GTFS Schedule
In the public transit service, only GTFS schedule data is utilized, which provides static transit service information for a specified validity period, without incorporating GTFS realtime data. The GTFS reader class processes all required files and fields, as well as some optional fields (accessibility) and optional files (transfers). The reader scans the corresponding CSV files and, in order to minimize memory usage, calls the GtfsScheduleParser
to parse each record on the fly. The parser converts the string values from the CSV file into the appropriate data types and passes them to the GtfsScheduleBuilder
, which constructs a valid GtfsSchedule
.
The GtfsScheduleBuilder
applies the fail-fast principle, ensuring that it only accepts valid inputs, and will fail immediately if any invalid or missing data is encountered. Error handling is delegated to the GtfsScheduleParser
, which catches and logs any errors, such as malformed data, during the parsing process. This guarantees that the builder only receives valid data. As a result, by the time the GTFS data is fully processed, the system can confidently expect a valid GTFS schedule to be stored in memory.
Since no changes are expected after reading the GTFS schedule data, the data is sorted and transformed into immutable data structures. This means that the various collections in the GtfsSchedule
class, such as ArrayLists
, are trimmed to the size of their contained objects. Similarly, the hash functions and load factors of the HashMaps
are optimized based on their final size. To further reduce the memory footprint, frequently occurring value objects, such as service day times in stop times, local dates in calendar dates or calendar date exceptions, and string values (e.g., trip head signs), are cached using a value object cache. This caching mechanism ensures that repeated values are stored efficiently.

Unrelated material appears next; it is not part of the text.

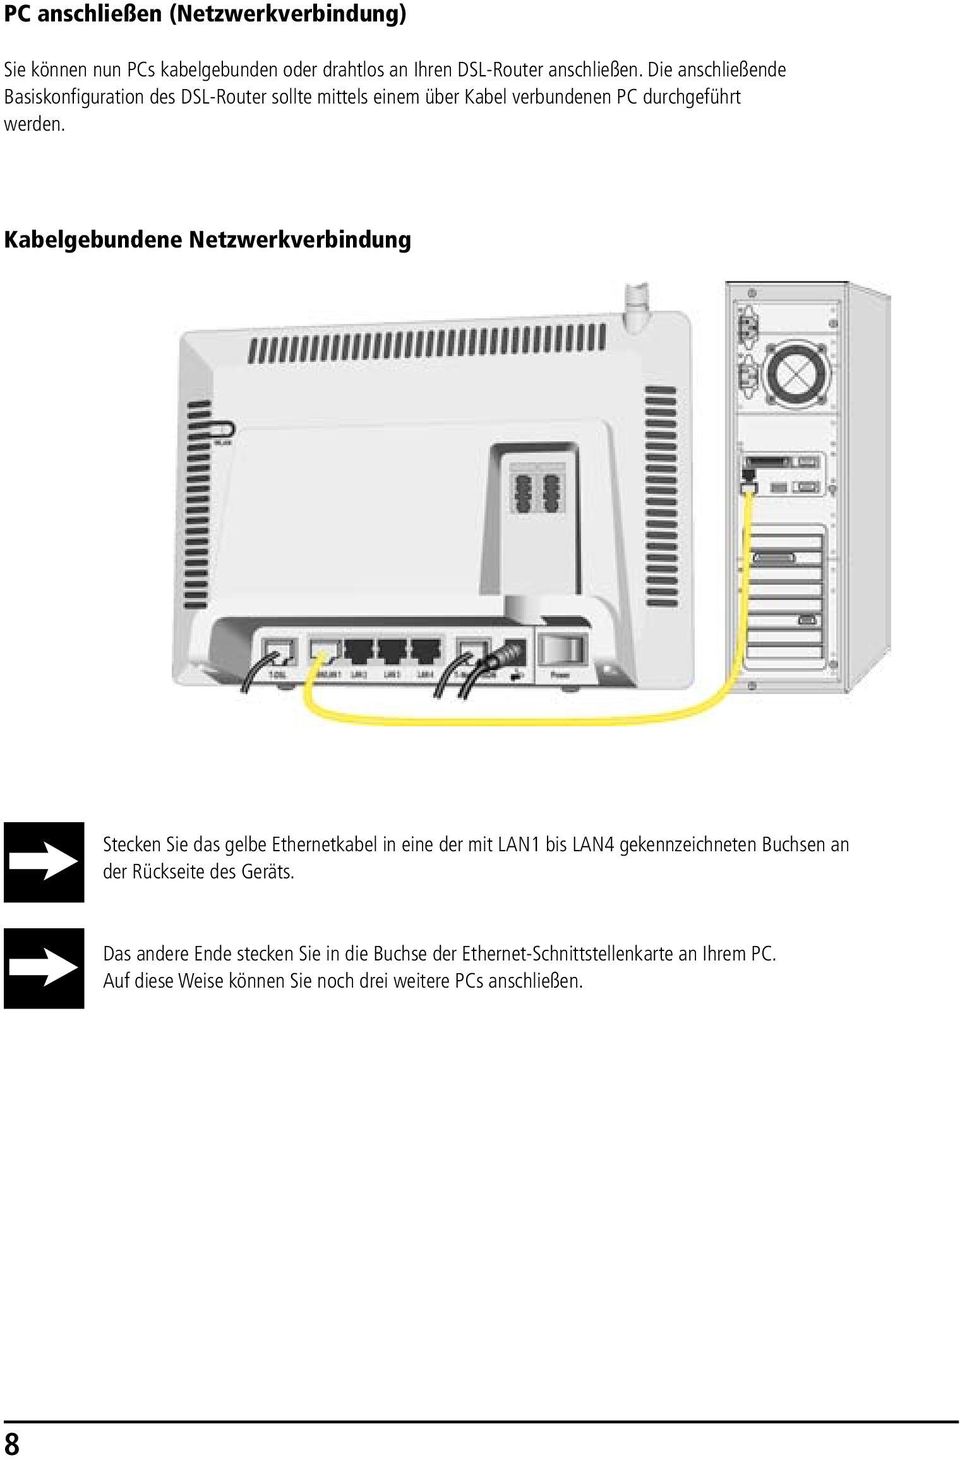 Die anschließende Basiskonfiguration des DSL-Router sollte des mittels Speedport einem über W 700V Kabel sollte verbundenen mittels PC einem durchgeführt über Kabel verbundenen PC durch-

The effect of converting these collections into read-only data structures can be observed in the profiled memory usage during the reading of the GTFS for Switzerland, with a noticeable drop in memory consumption at the end of the process:
By employing these memory-optimized data structures and value object caching, the requirement NF-SC-M1 is satisfied, allowing the GTFS static data for Switzerland to be stored in memory with a consumption of under 1.5GB.